PROBLEM TO SOLVE:
Everything in the listing below except the pictures should be reproduced exactly.

** Opening COLLECTED MATERIAL block **

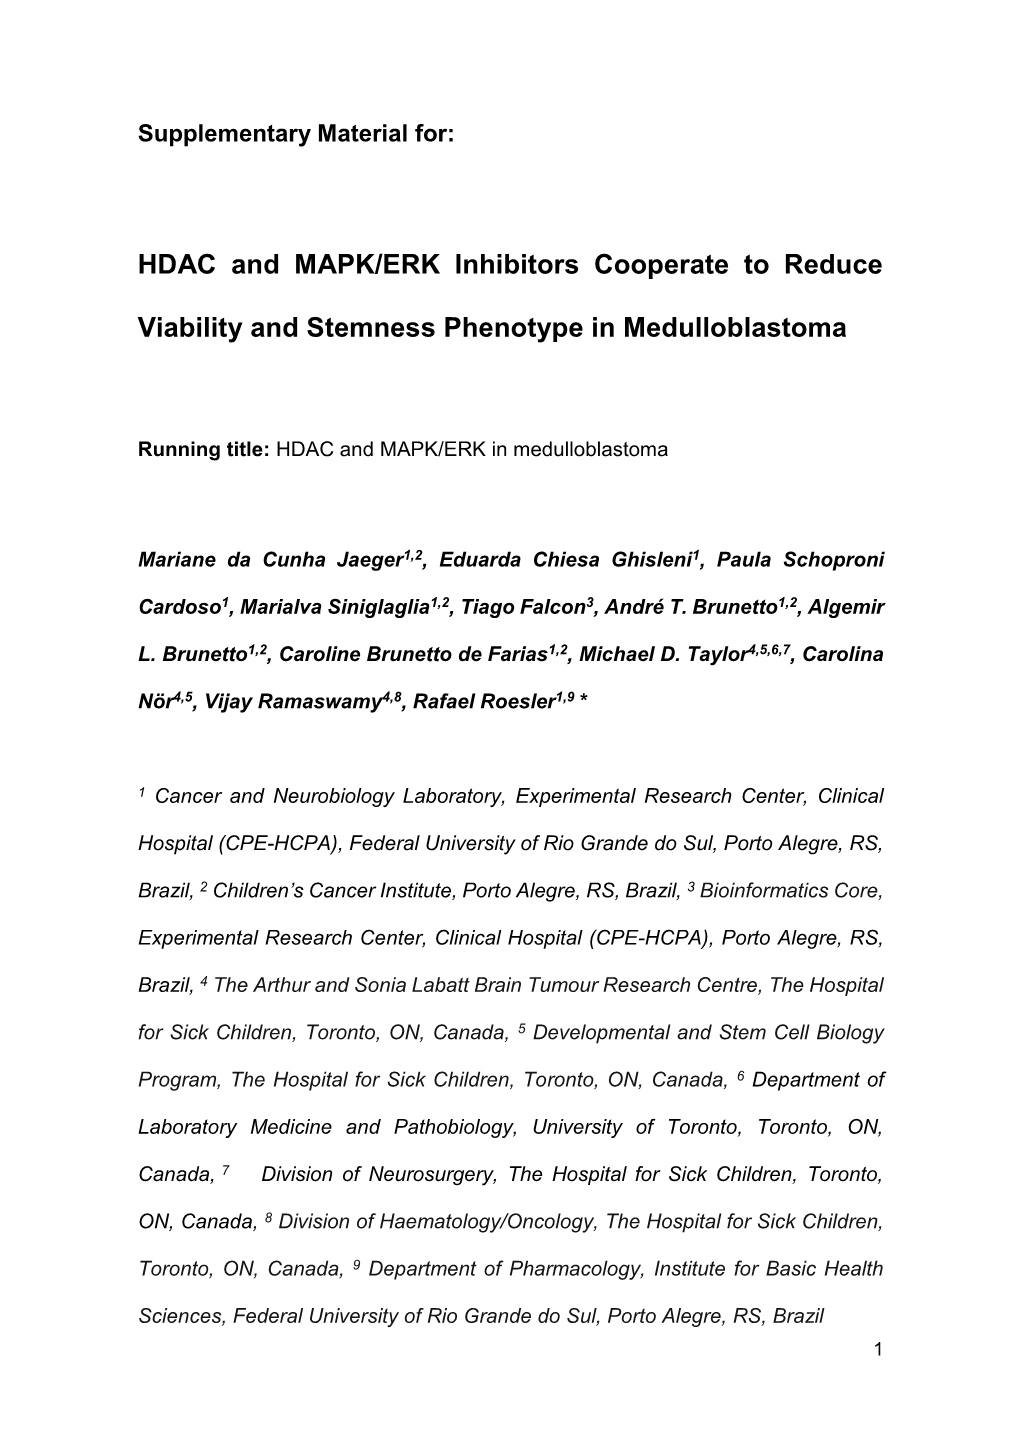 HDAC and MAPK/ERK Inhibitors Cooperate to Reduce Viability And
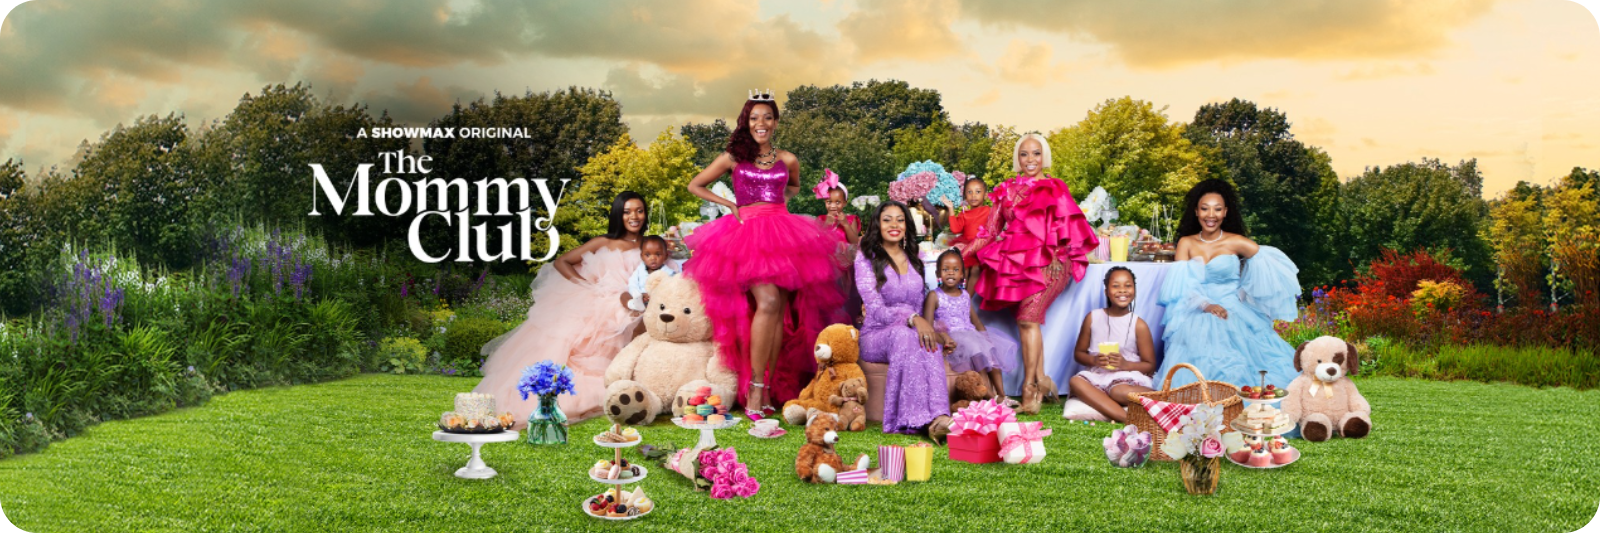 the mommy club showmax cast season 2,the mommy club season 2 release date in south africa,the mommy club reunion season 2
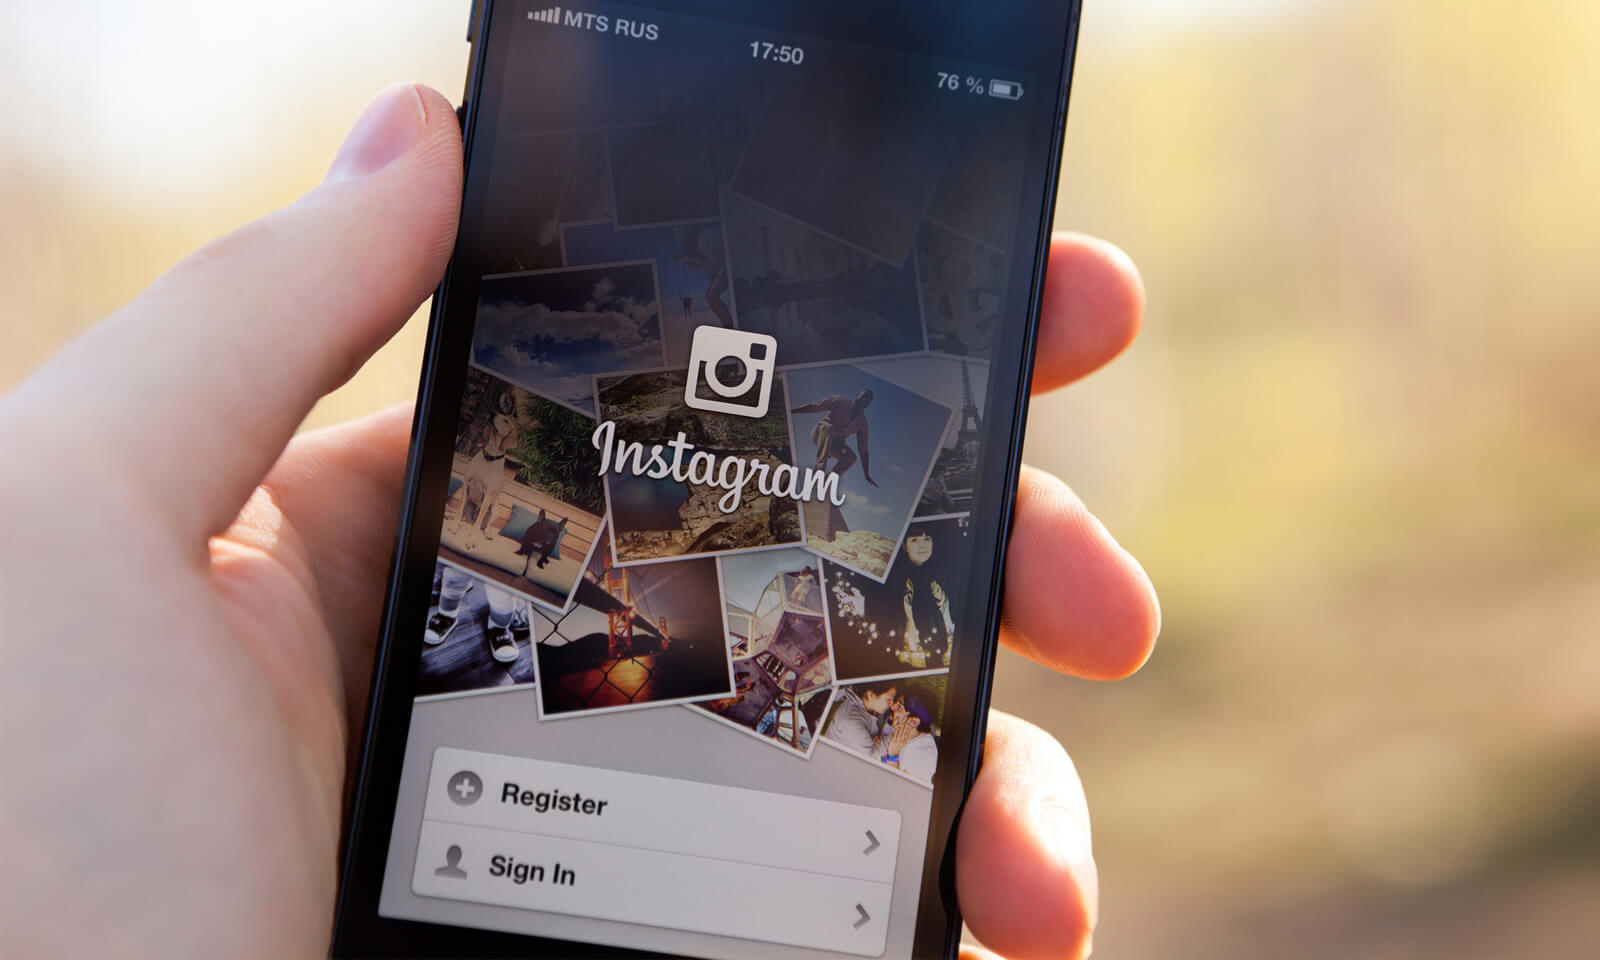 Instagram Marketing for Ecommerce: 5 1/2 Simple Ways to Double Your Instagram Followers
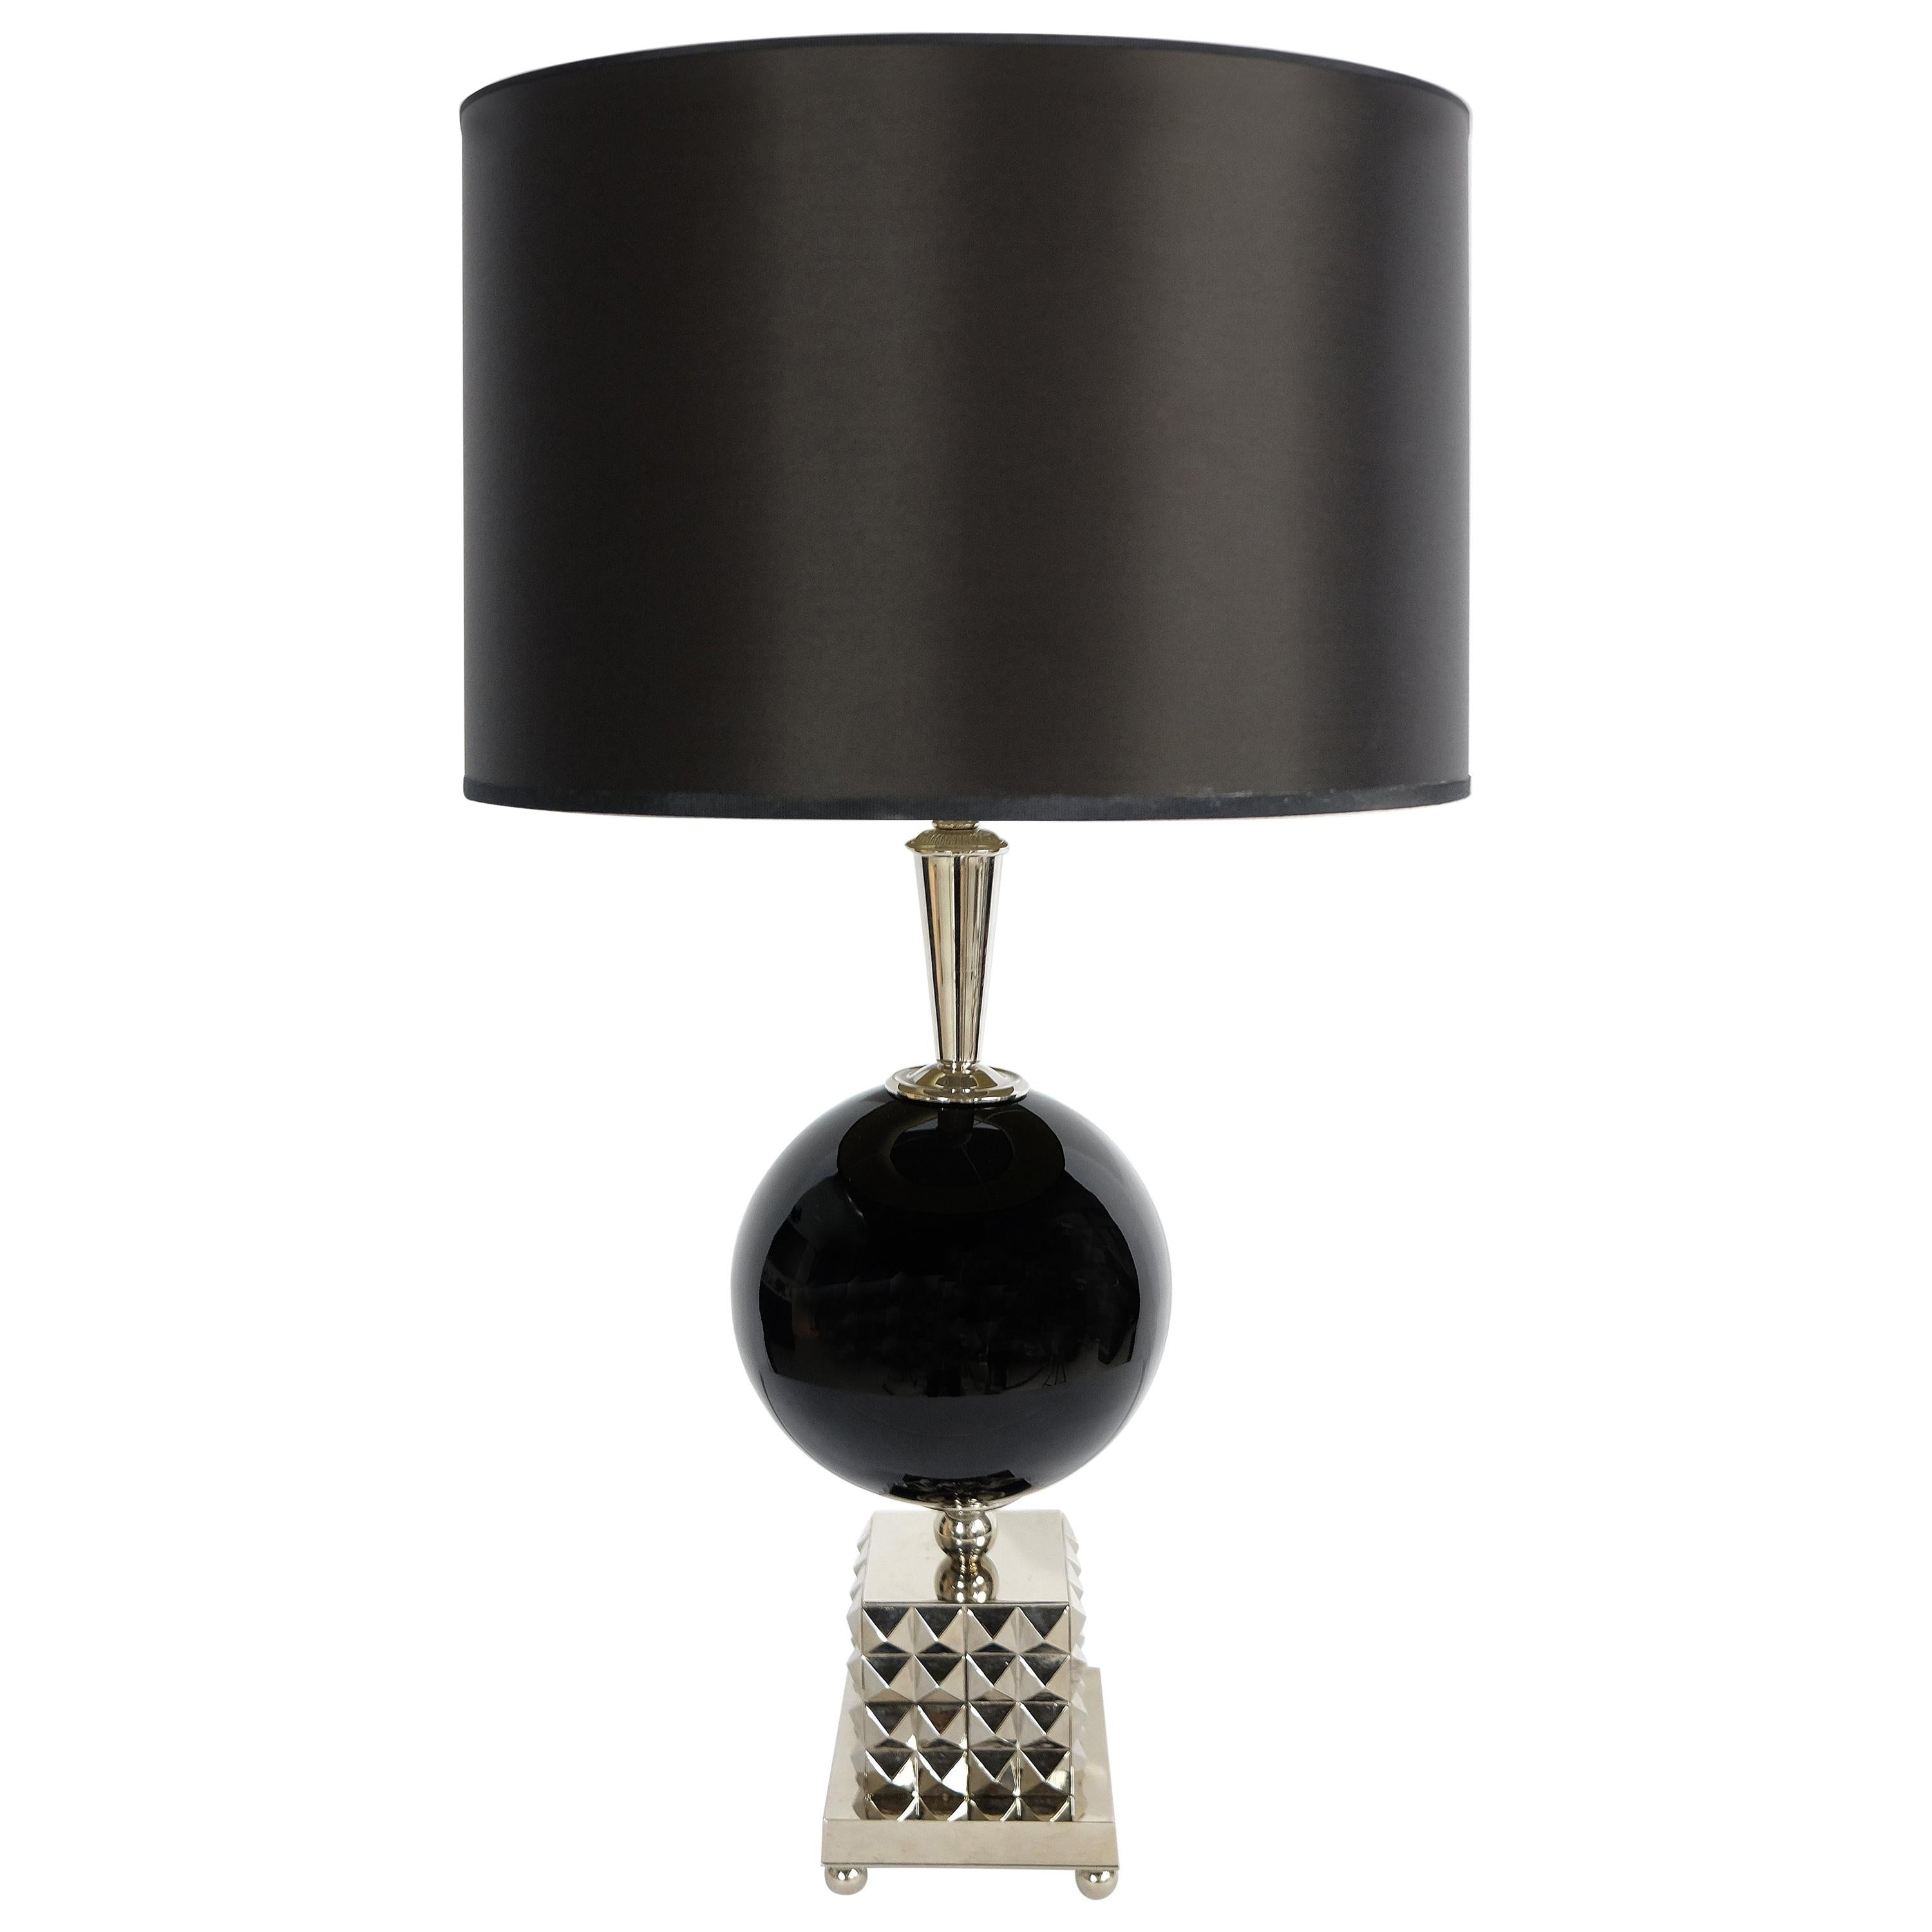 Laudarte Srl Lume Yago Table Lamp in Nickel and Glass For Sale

** Closing COLLECTED MATERIAL block **

SOLUTION FOR THIS PROBLEM:
 HDAC and MAPK/ERK Inhibitors Cooperate to Reduce Viability And
 the mommy club showmax cast season 2,the mommy club season 2 release date in south africa,the mommy club reunion season 2
 Instagram Marketing for Ecommerce: 5 1/2 Simple Ways to Double Your Instagram Followers
 Laudarte Srl Lume Yago Table Lamp in Nickel and Glass For Sale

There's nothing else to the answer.